Huna Tribal House Totum Poles

The summary for the Huna Tribal House Totum Poles grant is detailed below. This summary states who is eligible for the grant, how much grant money will be awarded, current and past deadlines, Catalog of Federal Domestic Assistance (CFDA) numbers, and a sampling of similar government grants. Verify the accuracy of the data FederalGrants.com provides by visiting the webpage noted in the Link to Full Announcement section or by contacting the appropriate person listed as the Grant Announcement Contact. If any section is incomplete, please visit the website for the National Park Service, which is the U.S. government agency offering this grant.
Huna Tribal House Totum Poles: The objective of this project is to complete two totem poles that will be placed in front of the Tribal House to identify the building as belonging to all the Huna Clans.

The totem poles are required to complete the Tribal House, slated for construction from 2014-2016. Landscape architectural plans for the Tribal House site include placement of up to five totem poles. HIA has the cultural expertise, traditional craftsmen skills, and cultural authority to complete the totem poles.
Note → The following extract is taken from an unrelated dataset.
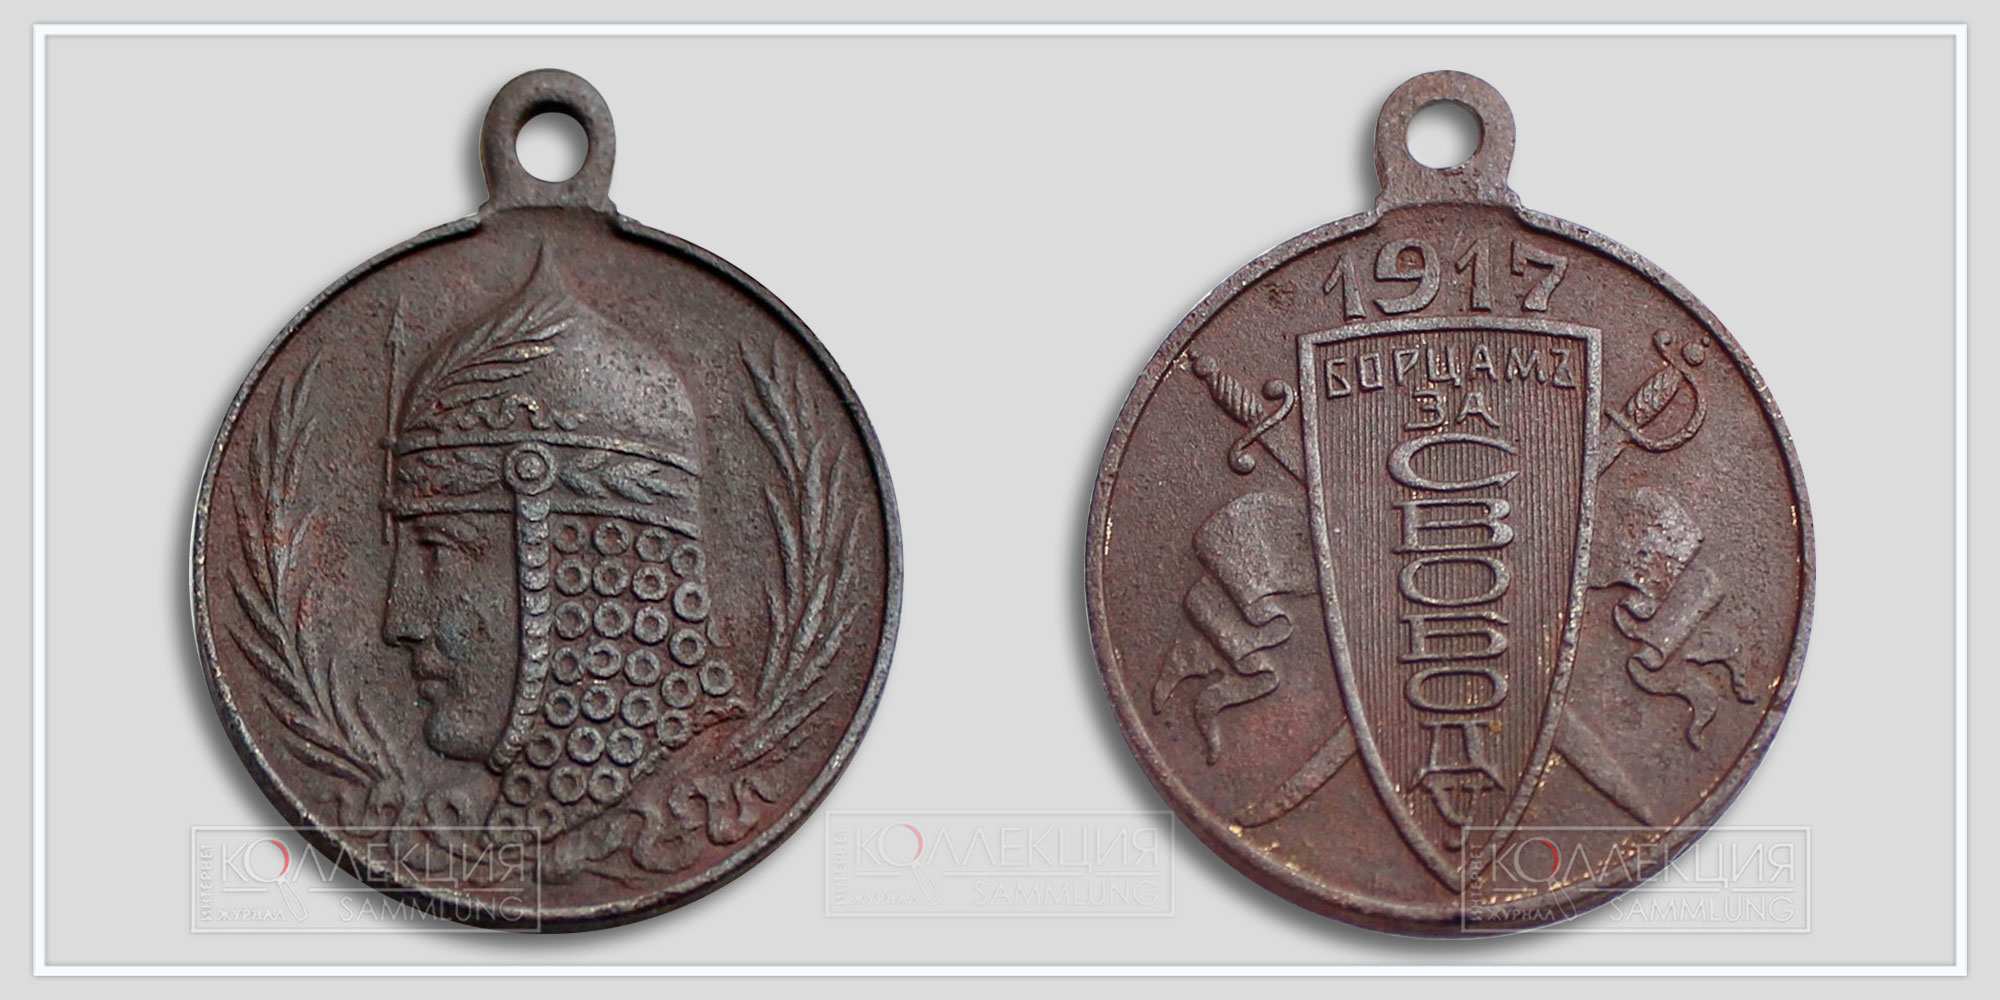 Медаль (жетон) "Борцам за свободу" 1917 Временное правительство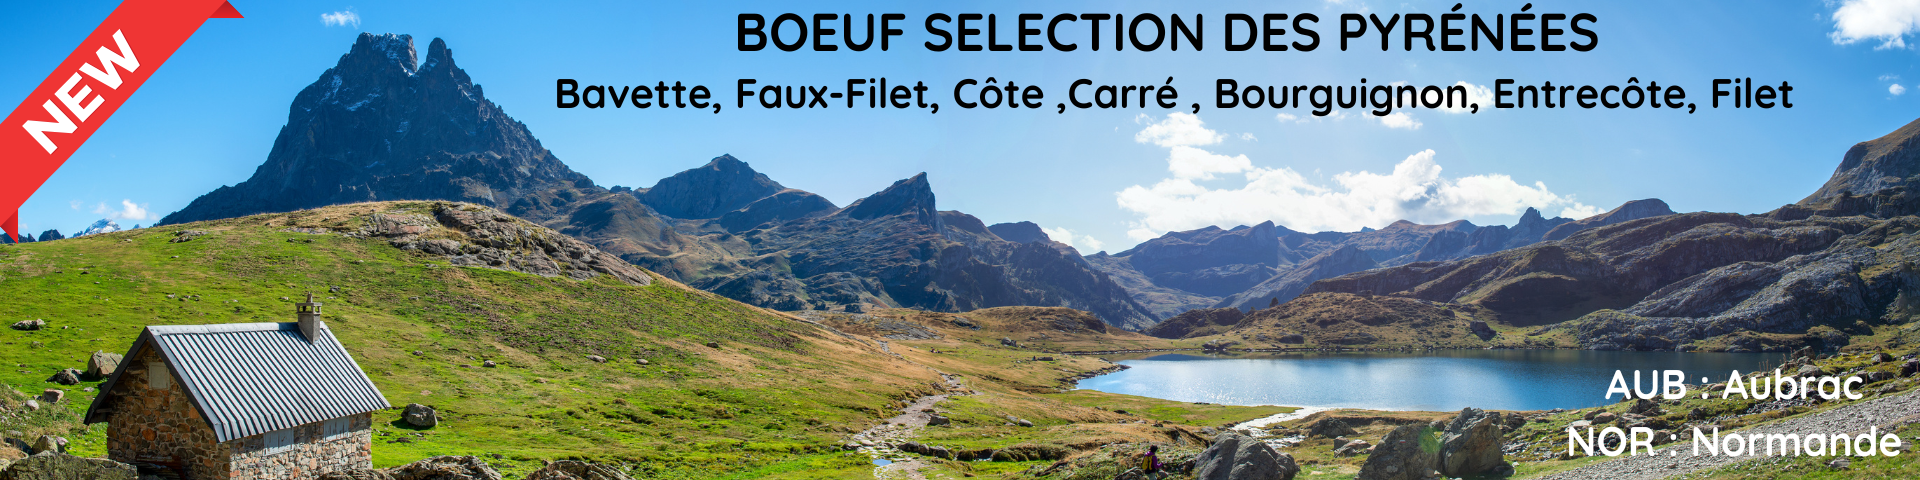 Boeuf Sélection des Pyrénées

The completion of the totem poles will also provide an opportunity to gather, compile, and preserve relevant ethnographic information from published literature, oral history audio/video recordings, and ongoing elder interviews regarding the history and culture of the Huna Tlingit clans. The project will also provide a venue for skilled craftsmen to pass traditional skills associated with form line design, carving, and adzing to another generation. The Master and Assistant Carvers will provide weekly instruction to Hoonah City Schools (HCS) students, other community youth, and community members. Importantly, the carving work site will serve as an informal classroom where craftsmen convey not only traditional skills, but also oral histories, life ways, and Tlingit laws and protocols. Traditionally, resource gathering activities in homeland were one means by which tribal elders transmitted traditional knowledge, cultural practices, and social mores to tribal youth. Unfortunately, an array of social and regulatory changes has drawn the Tlingit away from their traditional seasonal rounds in Glacier Bay, reducing opportunities for intergenerational learning. NPS believes that these ethnographic resources will be preserved by providing a venue that closely mirrors the traditional learning structure of the Tlingit whereby older relatives (uncles, grandfathers, etc.) conveyed traditional knowledge to youth in the course of everyday work.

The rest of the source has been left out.